Almost three years ago I was introduced to the novel Little, Big by John Crowley. The introduction came by way of Maynard James Keenan’s book A Perfect Union of Contrary Things, a book I highlighted in a post titled Fictional Tendencies: The Beginning. Shortly after I had finished reading Maynard’s book I purchased Little, Big by John Crowley, upon its delivery, and me opening the shipping package, I began reading. Now, I don’t recall why but I stopped reading after 80 or 90 pages. I think I started another book or became involved in another one of my projects.
Now I’m off on this tangent, not reading Little, Big, and I won’t return to it until the beginning of the month of November 2018. Something about it kept calling me back, it was in one of my many stacks of unread books, and I thought, okay, I’m ready now. While standing in my room, holding the book and brushing off the dust, I asked myself, “Do I start over? Or do I start where I left off?” I opted to start where I left off, and I’m glad I did. Everything that I had read came flooding back into my head, it was as though I never left.
On the surface Little, Big is the story of Smoky Barnable and his journey on foot from the City to a place called Edgewood. And as the back book cover states, “It is the story of four generations of a singular family, living in a house that is many houses on the magical border of an otherworld. It is a story of fantastic love and heartrending loss; of impossible things and unshakable destinies; and of the great Tale that envelops us all.”
Now, the above is certainly true, it’s all there in the book. But it’s more than that too. This is a book that’s an onion, there are layers upon layers of great stuff here. There are nuggets of knowledge. This is a story and is neither here nor there but both. And it’s everywhere in between. It’s as simple as it is complex. It entails everything about life and all of its complexities. While asking one question, the characters in Little, Big might answer a completely different question and be okay with the answer they have, even if it isn’t the one they were looking for. Maybe they were looking for it and weren’t quite ready for it. Maybe it was the answer they never knew they needed.
Maybe life is a journey with more questions left unanswered than answered and we’re all here trying to make the most sense we can out of what we’re given. What choices we’ve made. And where, when and what we’re trying to reach.

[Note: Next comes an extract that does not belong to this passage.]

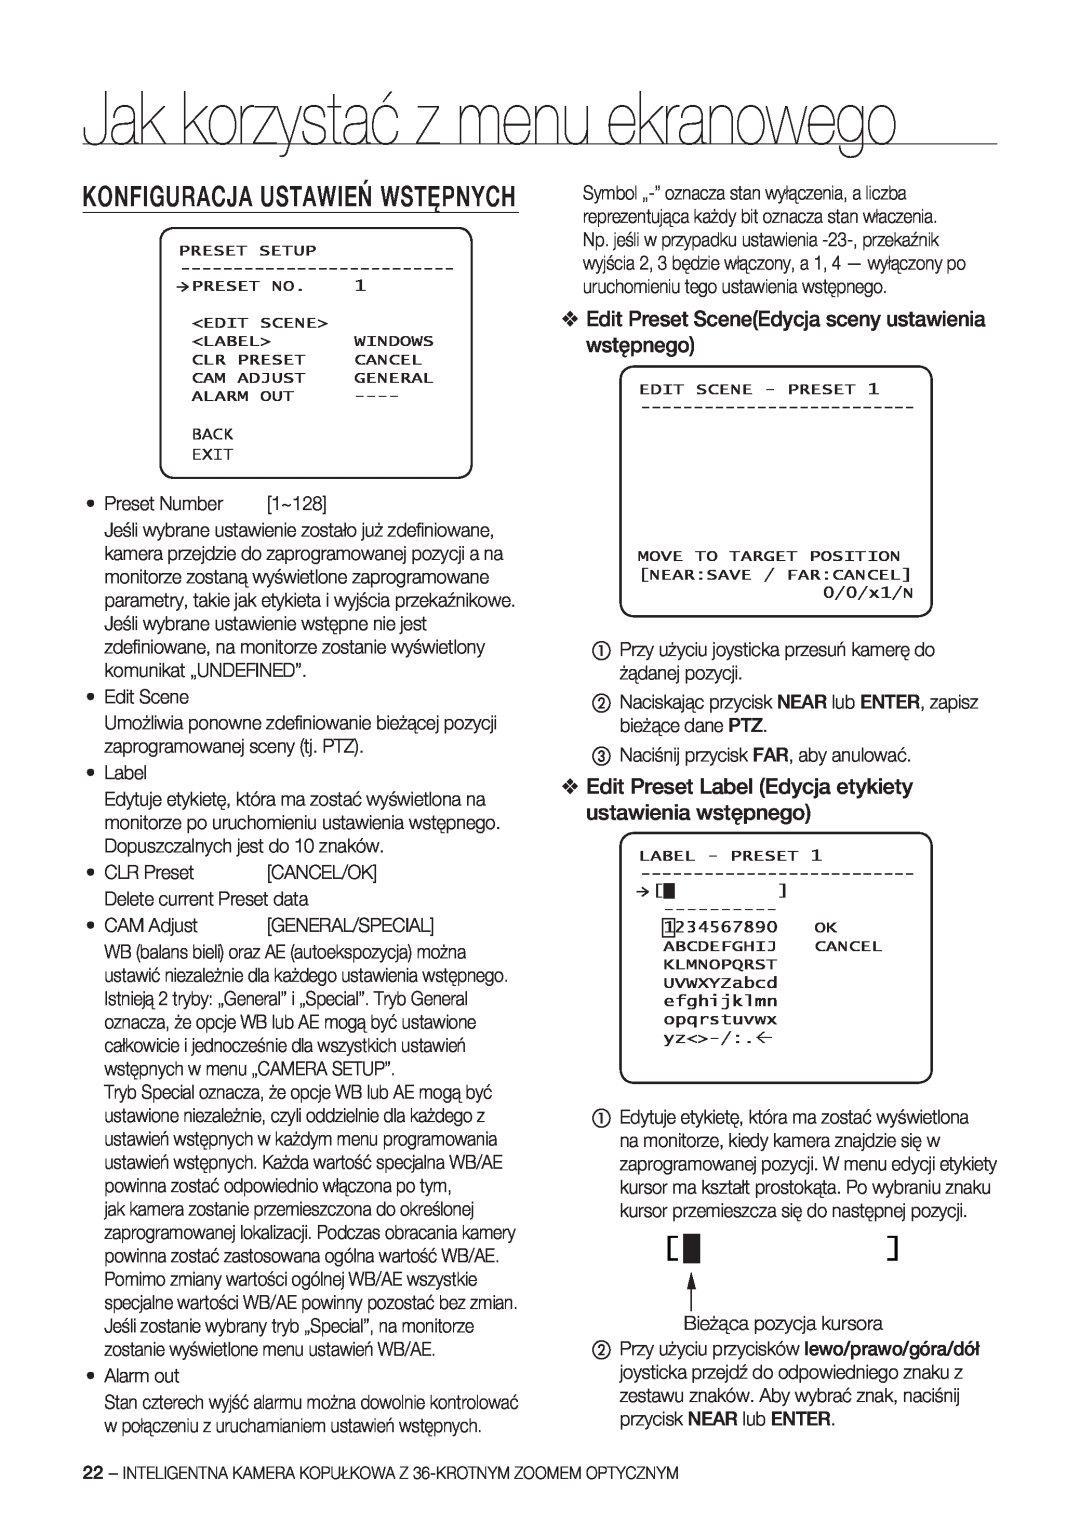 Samsung SCC-C7478P manual Konfiguracja Ustawień Wstępnych, Edit Preset SceneEdycja sceny ustawienia wstępnego 
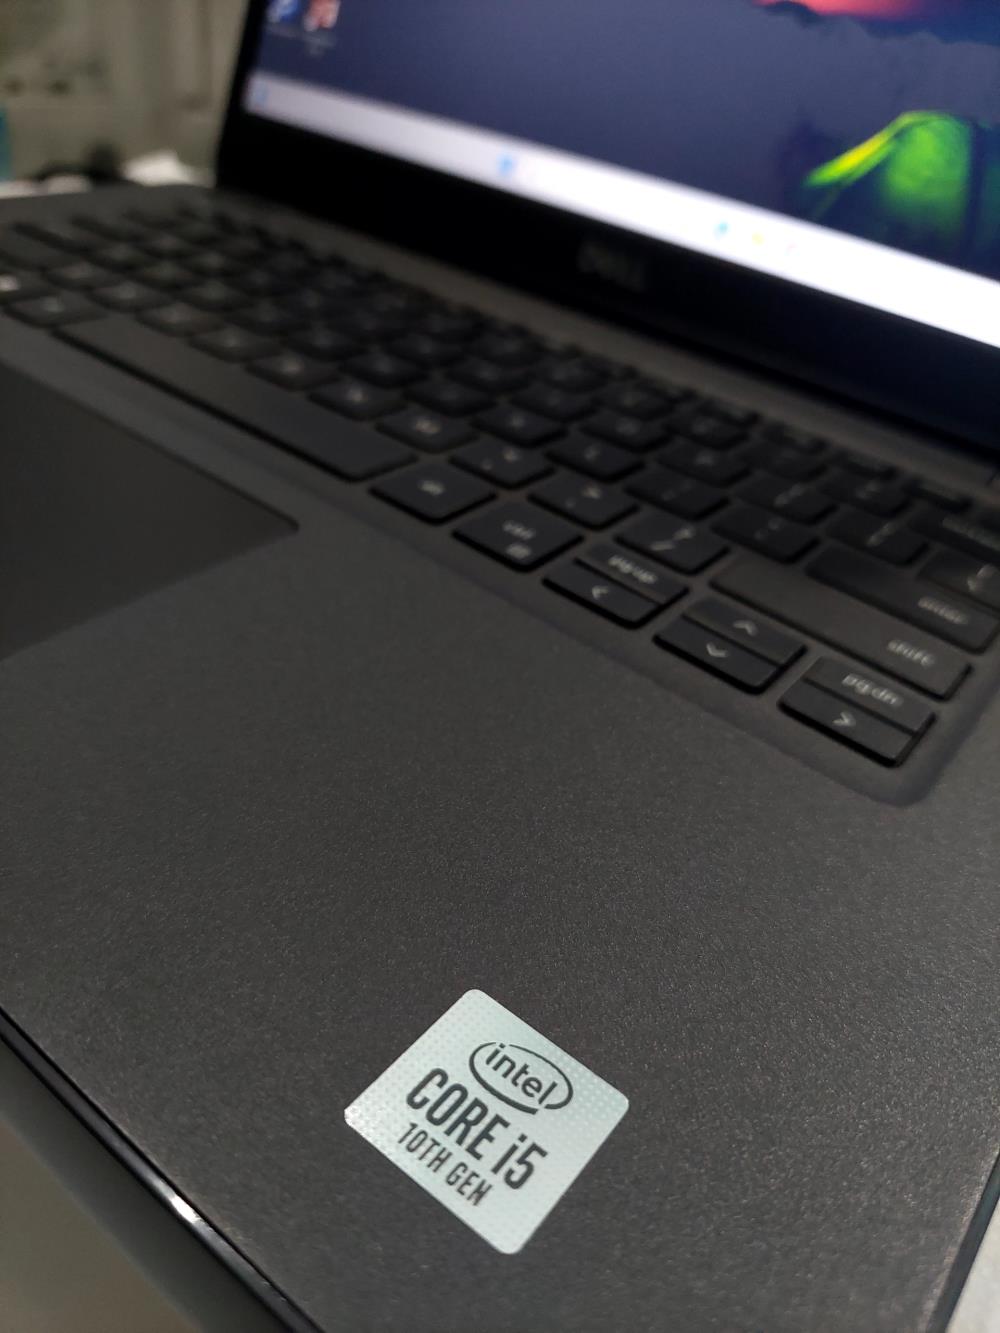 SUPER SALE: Laptop Dell Chính Hãng - Giá Cực Sốc Chỉ Từ 4 Triệu!1434317

John Crowley’s prose is masterful and beautiful.
I’ve read several books – this is the first book I’ve read that John Crowley has written – and a large majority of the books I’ve read I’m okay with only reading them once. Little, Big is the first book that I might actively attempt to re-read. It’s that special.
Little, Big could be considered a “heavy” book, as the characters experience every success and failure and love and loss that life has to offer. Each character accepts their fate and even when they question their lot in life, they never give up, they continue to push through. When I say that Little, Big could be considered “heavy” my only comparison is that when I finished reading Ayn Rand’s The Fountainhead, I felt heavy.
Both books, Little, Big and The Fountainhead, moved me, made me feel something. That is something that all great books should do, move you, make you feel, make you think, make you question. They should inspire. And however any of those emotions or responses occur is up to you the reader.
When I finished Little, Big my heart-felt heavy; heavy with love and appreciation and a little bit of sadness. Heavy with hope. My heart-felt full. I closed the book smiling and with tears beginning to pool in the corner of my eyes. I experienced something special. I might not have understood everything that occurred in the book but what I understood was enough, enough to feel touched or moved. Maybe that’s why I want to re-read it, to better understand it, to better understand life.
Little, Big is a story that is whatever you make of it, sort of like life. It’s as complex or as simple as you want it to be, and it’s as simple or as complex as it wants to be for you. We all have our own journeys to make. We all have our own stories to tell. I’m thankful for John Crowley writing this one. Little, Big such a gem.
Thank you for reading.
Your journey starts with a step, where are you headed?